What is expected: Write the listing below out again in full, dropping its pictures.

Data block:
++++++

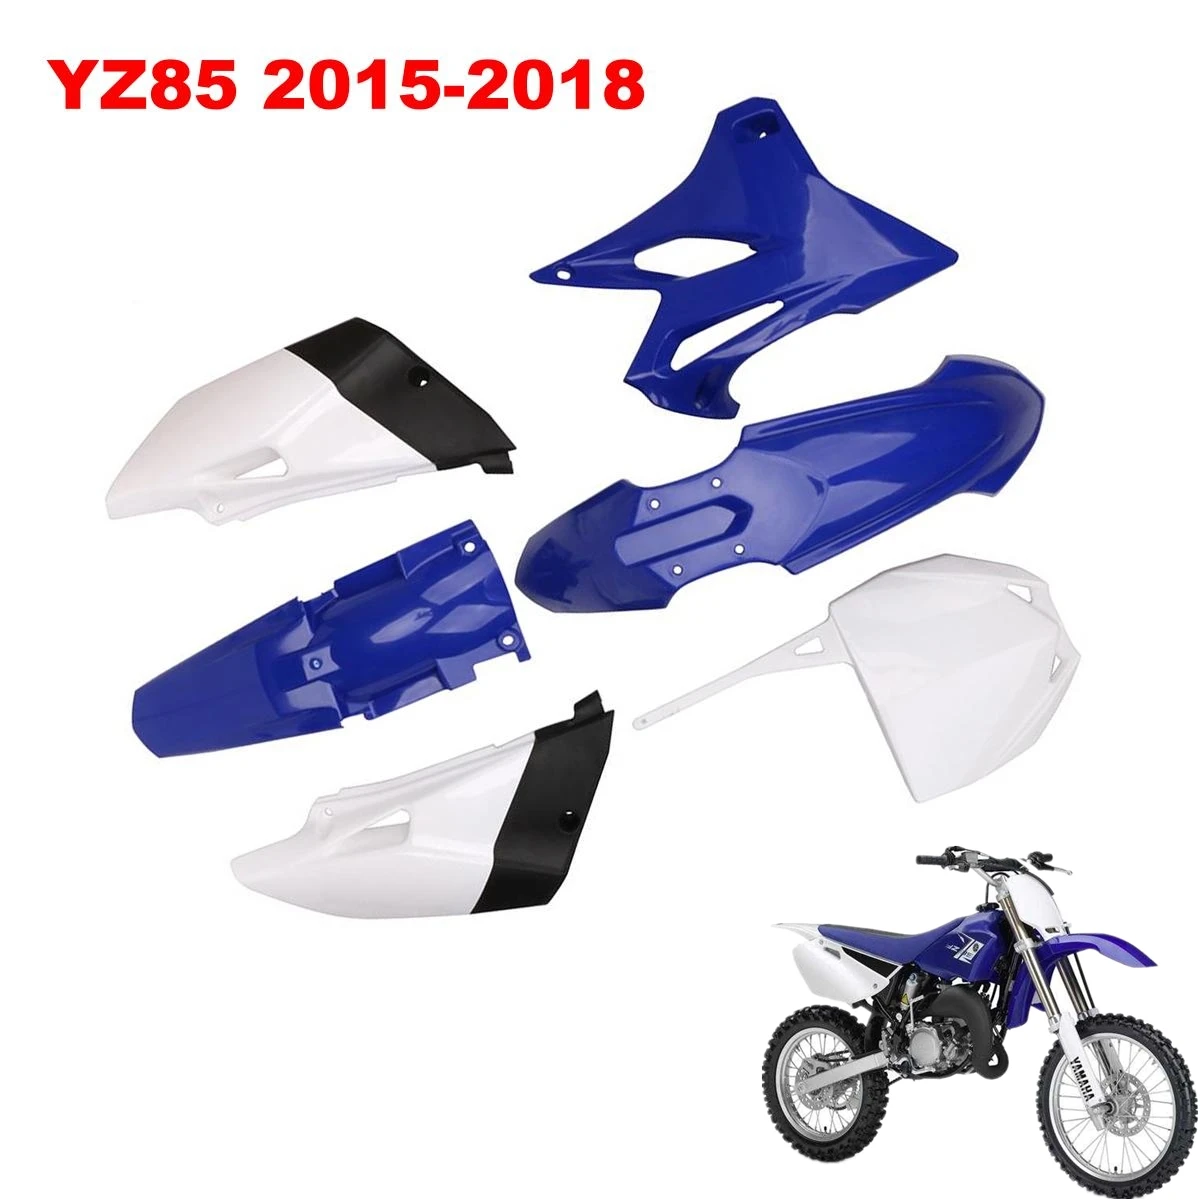 Motorcycle Plastic Fairing Fenders Number Plate Shrouds Side Panels For Yamaha YZ85 YZ 85 2015 2016 2017 2018 15 16 17 18
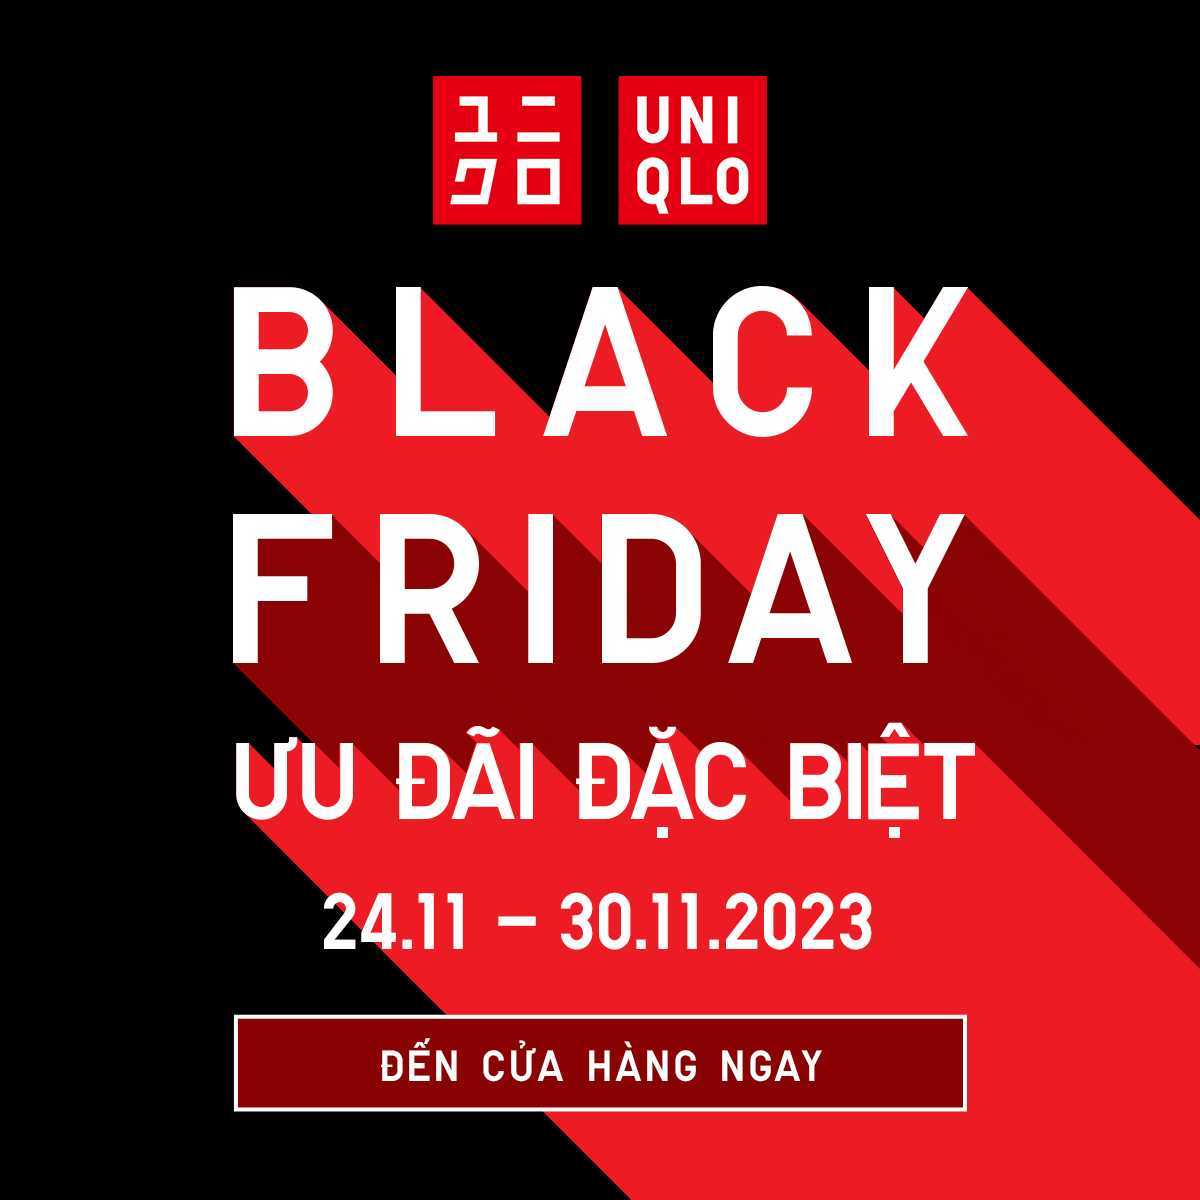 BLACK FRIDAY - LIMITED OFFERS AT UNIQLO
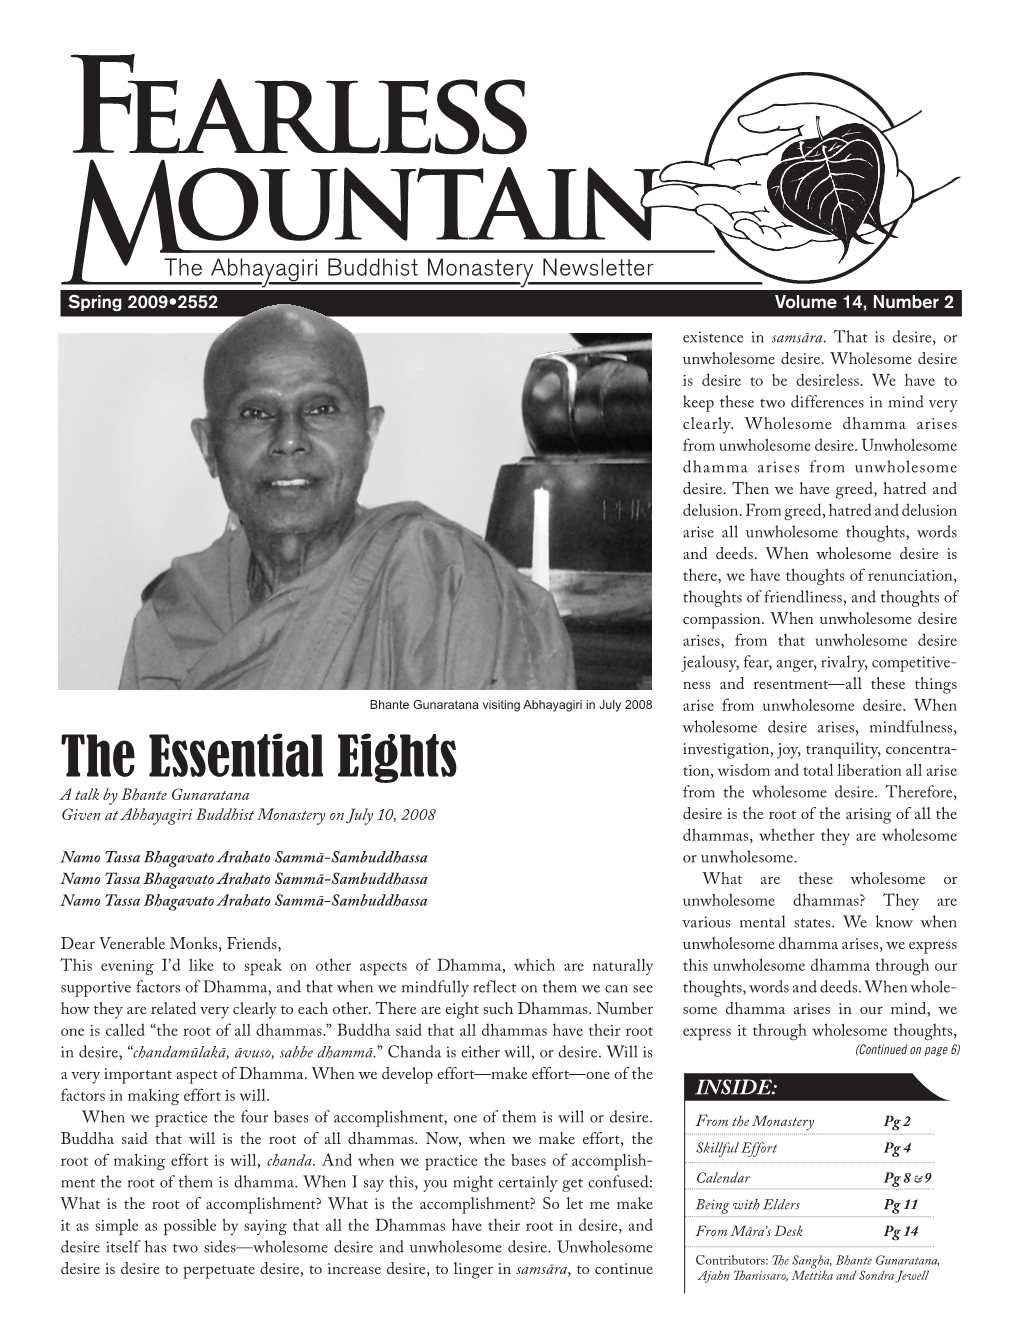 The Essential Eights Tion, Wisdom and Total Liberation All Arise a Talk by Bhante Gunaratana from the Wholesome Desire

++++++

The answer:
 Motorcycle Plastic Fairing Fenders Number Plate Shrouds Side Panels For Yamaha YZ85 YZ 85 2015 2016 2017 2018 15 16 17 18
 BLACK FRIDAY - LIMITED OFFERS AT UNIQLO
 The Essential Eights Tion, Wisdom and Total Liberation All Arise a Talk by Bhante Gunaratana from the Wholesome Desire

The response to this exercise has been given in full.